Thubana bullulata

Scientific classification
- Domain: Eukaryota
- Kingdom: Animalia
- Phylum: Arthropoda
- Class: Insecta
- Order: Lepidoptera
- Family: Lecithoceridae
- Genus: Thubana
- Species: T. bullulata
- Binomial name: Thubana bullulata (Meyrick, 1910)
- Synonyms: Lecithocera bullulata Meyrick, 1910;

= Thubana bullulata =

- Authority: (Meyrick, 1910)
- Synonyms: Lecithocera bullulata Meyrick, 1910

Species of moth

Thubana bullulata is a moth in the family Lecithoceridae. It was described by Edward Meyrick in 1923. It is found in India (Assam).

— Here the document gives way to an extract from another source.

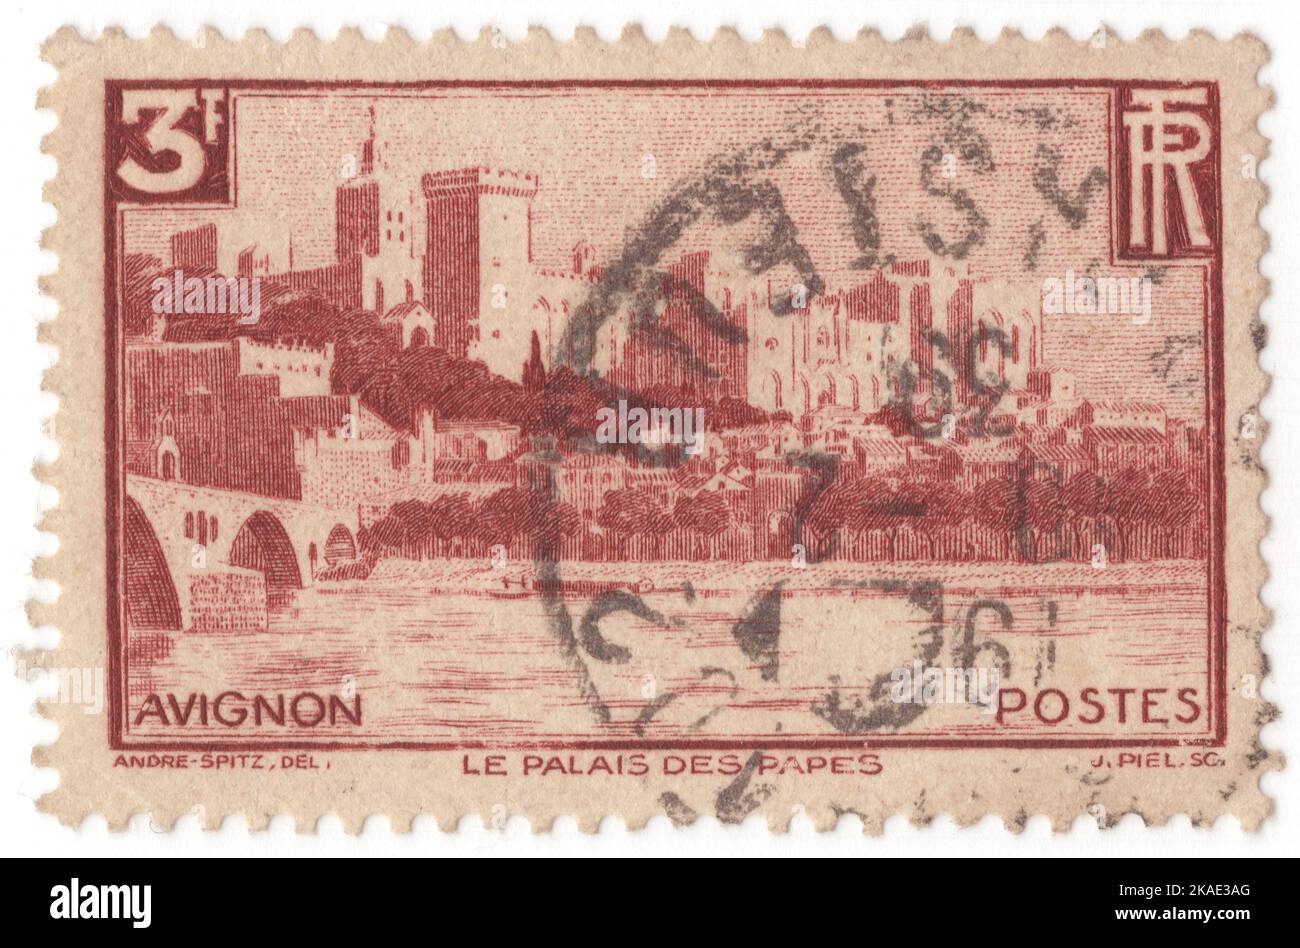 FRANKREICH - 1938: Eine karminbraune Briefmarke mit 3 Franken, die das Panorama auf den Papstpalast (Palais des Papes) darstellt, ist ein historischer Palast in Avignon, Südfrankreich. Es ist eines der größten und bedeutendsten mittelalterlichen gotischen Gebäude in Europa. Einst eine Festung und ein Palast, war die päpstliche Residenz im 14.. Jahrhundert Sitz des westlichen Christentums. Seit 1995 ist der Papstpalast zusammen mit dem historischen Zentrum von Avignon zum UNESCO-Weltkulturerbe erklärt worden, weil er eine herausragende Architektur und eine historische Bedeutung für das Papsttum besitzt Stockfoto

The wingspan is about 17 mm. The forewings are ochreous-whitish, suffused with pale brownish except for a triangular blotch on the middle of the costa reaching half across the wing, and an undefined transverse patch before the termen. There is a small costal mark of dark fuscous suffusion on each side of the costal blotch, and a transverse-crescentic dark fuscous mark adjoining its apex posteriorly. A bar of fuscous suffusion is found near the base, with some fuscous irroration in the disc and towards the dorsum before the middle, as well as a cloudy streak of fuscous suffusion along the termen. The hindwings are rather dark fuscous, lighter and ochreous-tinged towards the apex and with a round dark fuscous spot in the middle of the disc, edged anteriorly by a white spot. Some slight irregular whitish suffusion is found towards the termen.